上下とも味気の無い地味な色合いのスウェットジャージで固めている徹郎とは、華やかさという点では明らかに差があり過ぎた。
「風呂浸かりに行くだけやのに、エラい気合入っとんな……」
「えぇ~? こんなの普通だよ。ね、いいんちょ!」
灯香梨に水を向けられた奏恵は、まぁそうだねと苦笑を滲ませて頷いた。この様子から見るに、恐らくいい出しっぺは灯香梨だろう。奏恵は単にお付き合いで浴衣を纏ってきたに違いない。
しかし同じ浴衣でも、ここまで雰囲気が違うものなのか。
灯香梨は如何にも可愛らしい娘といった空気感だが、奏恵は恐ろしい程に妖艶でエロティックに過ぎる。こんなふたりを連れて出歩いたら、目立ちまくるのではないだろうか。
もうこの時点で、ひとり静かに湯巡りを楽しむつもりだった徹郎のプランは、根底から崩れ去っていた。
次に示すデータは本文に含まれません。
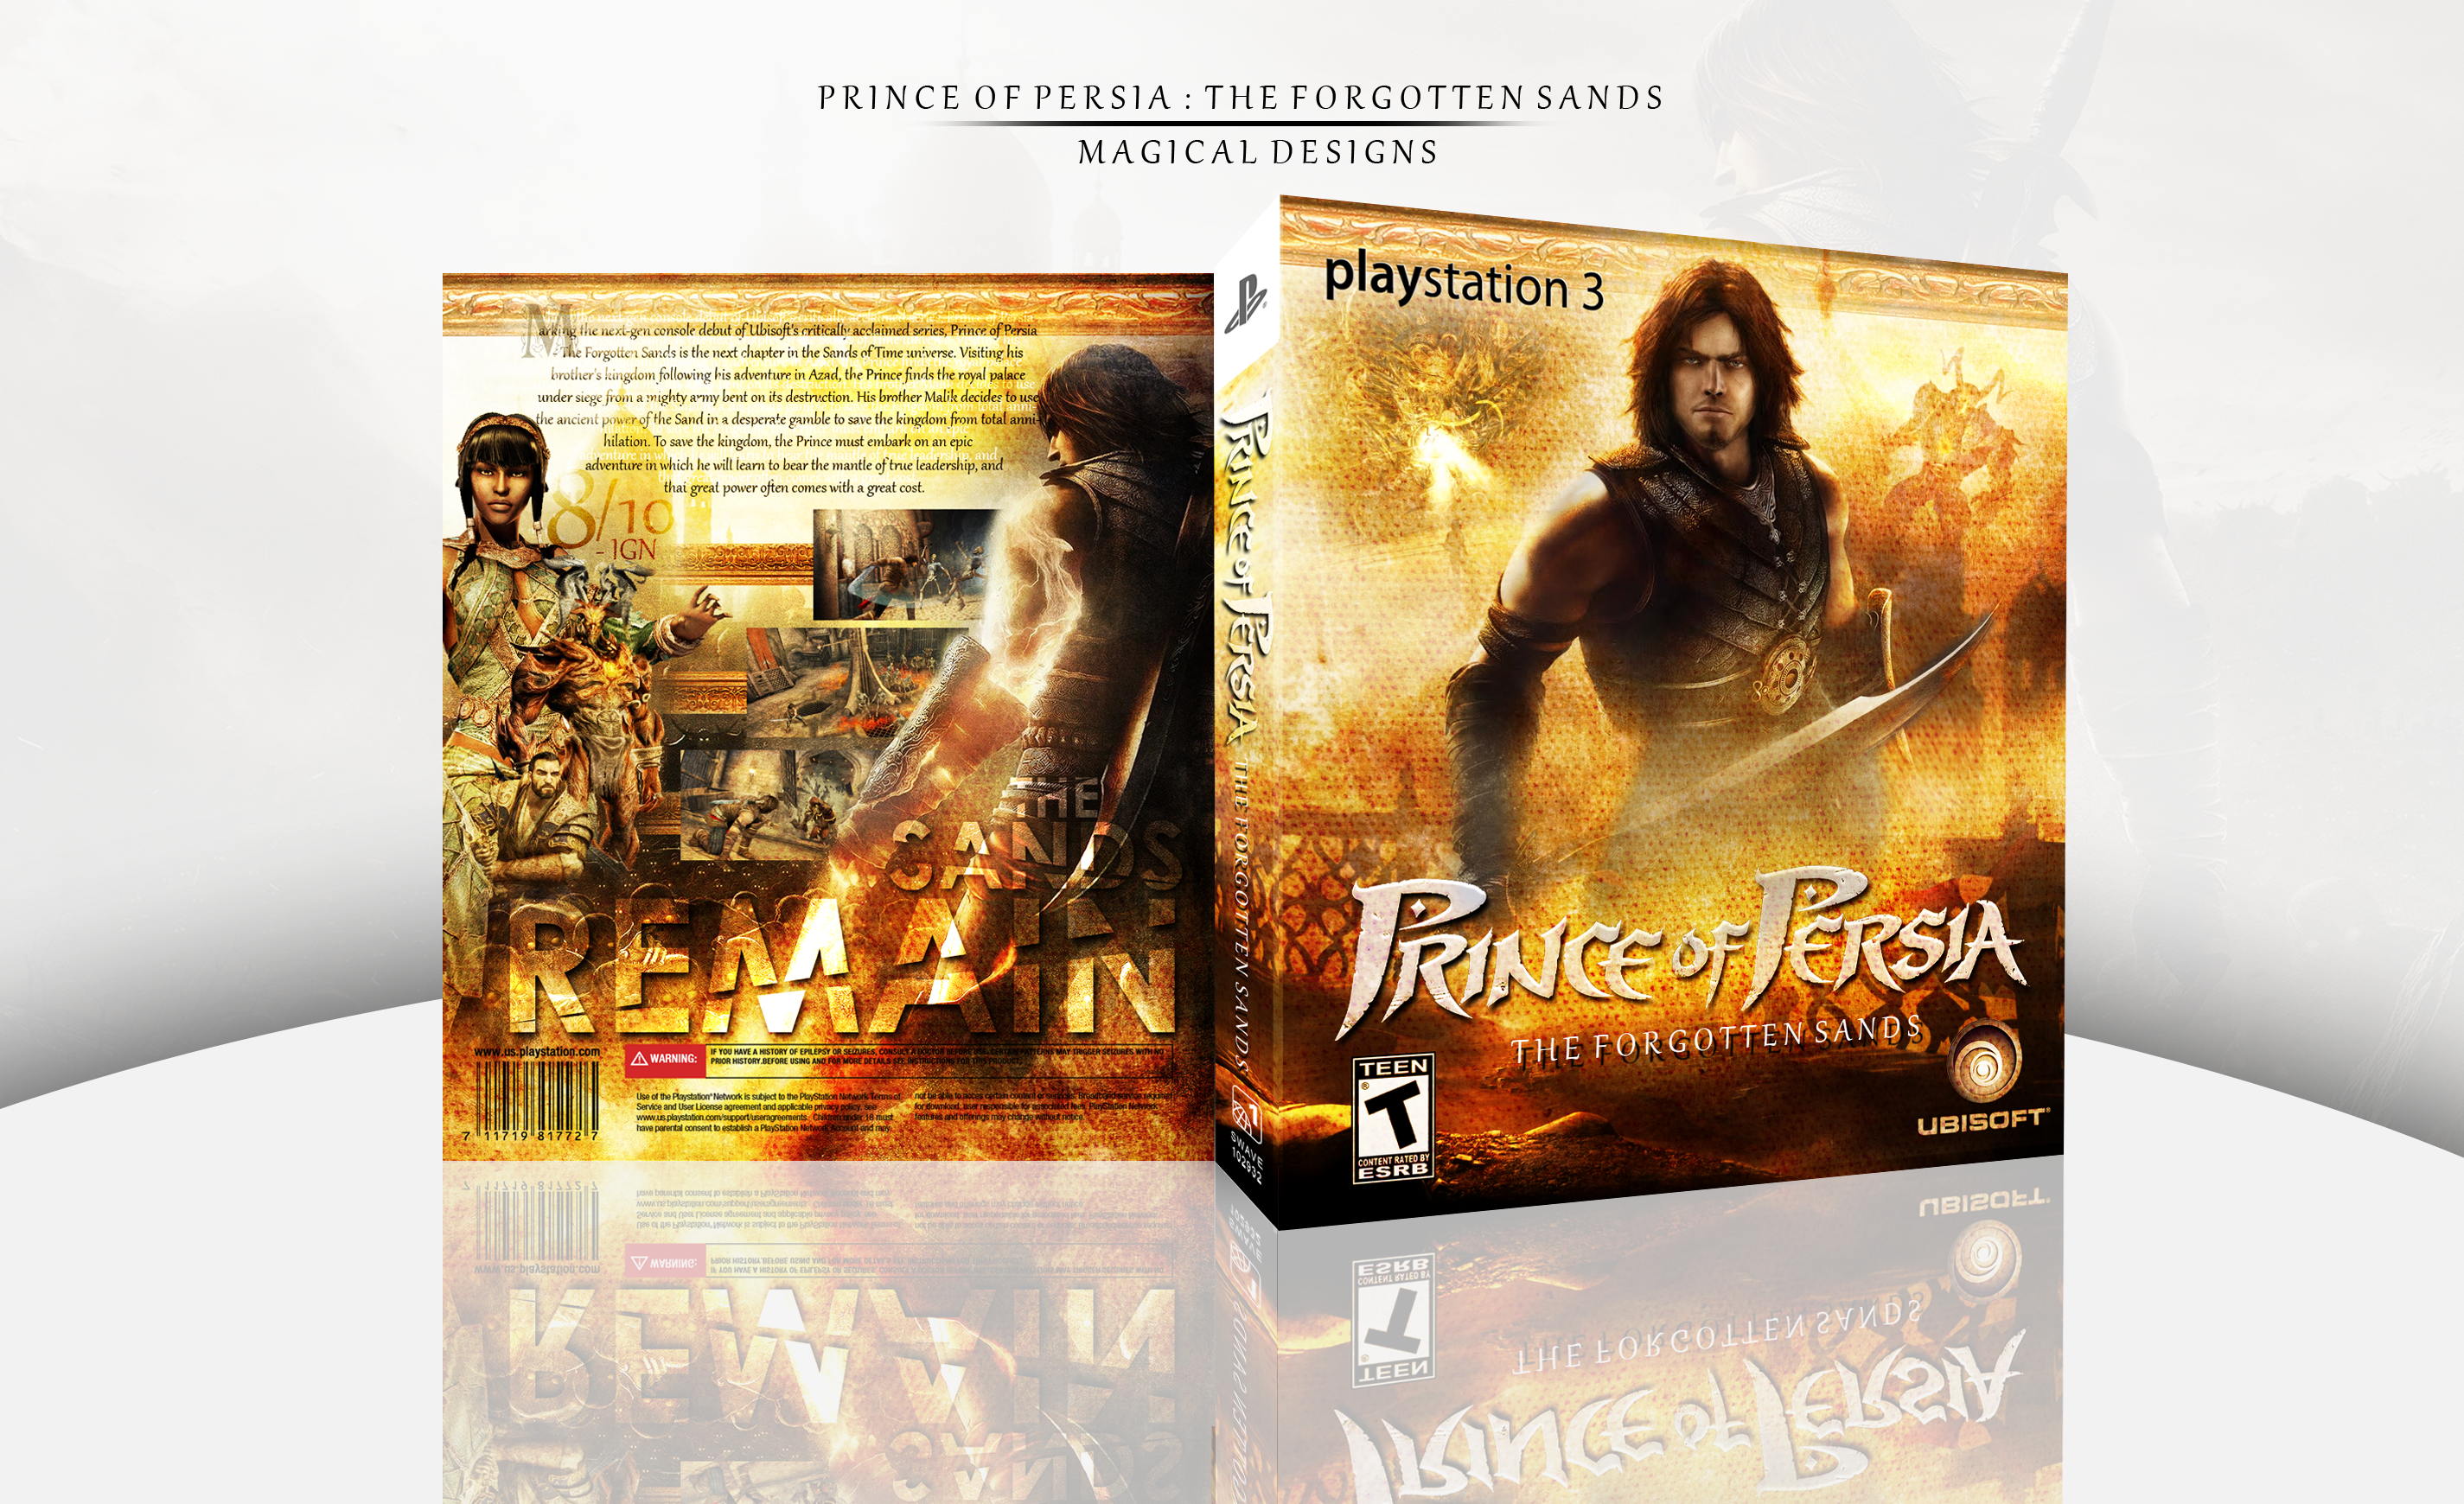 Prince of Persia: The Forgotten Sands box cover

「ほんなら、さっさと行くで。混み始めたら面倒臭いし」
やれやれとかぶりを振りながら、徹郎はふたりの浴衣娘を引き連れてホテルを出た。
それにしても、陽射しが強い。真夏の午後であるだけに、灯香梨も奏恵も日傘は必需品だった。
逆に徹郎はどんなに強烈な陽光が降り注いできても、涼しい顔だった。諜報員候補生には、暑さに長時間耐える訓練も課される。徹郎は40度を超える高温の中に何時間も居座る訓練で、暑さを克服してきた。
日本の夏は酷暑といわれるが、徹郎にしてみればまだまだ涼しい方である。
しかし灯香梨と奏恵は、特別な訓練など一切受けていない普通の一般人だ。このふたりにまで、徹郎の基準を当てはめる訳にはいかない。
暑さを避ける為に日陰を歩き、場合によっては時折土産物店などによって、店内のクーラーで彼女らの体温を下げてやる必要がある。その程度のことは、してやらなければならないだろう。
「最初に行きたいとこある?」
「あ、じゃあねぇ、あたしは……」
などと三人でわいわい論じ合いながら、湯巡りの順番を決めてゆく。
案外、これはこれで悪くないかも知れないと思えてきた。どうやら浴衣美女ふたりの楽しげな姿に、我知らず気分が癒されていたらしい。
(俺って案外、チョロかったんやな……)
浴衣美女が己の癒しポイントだということに、初めて気づいた徹郎。思わぬ新発見だった。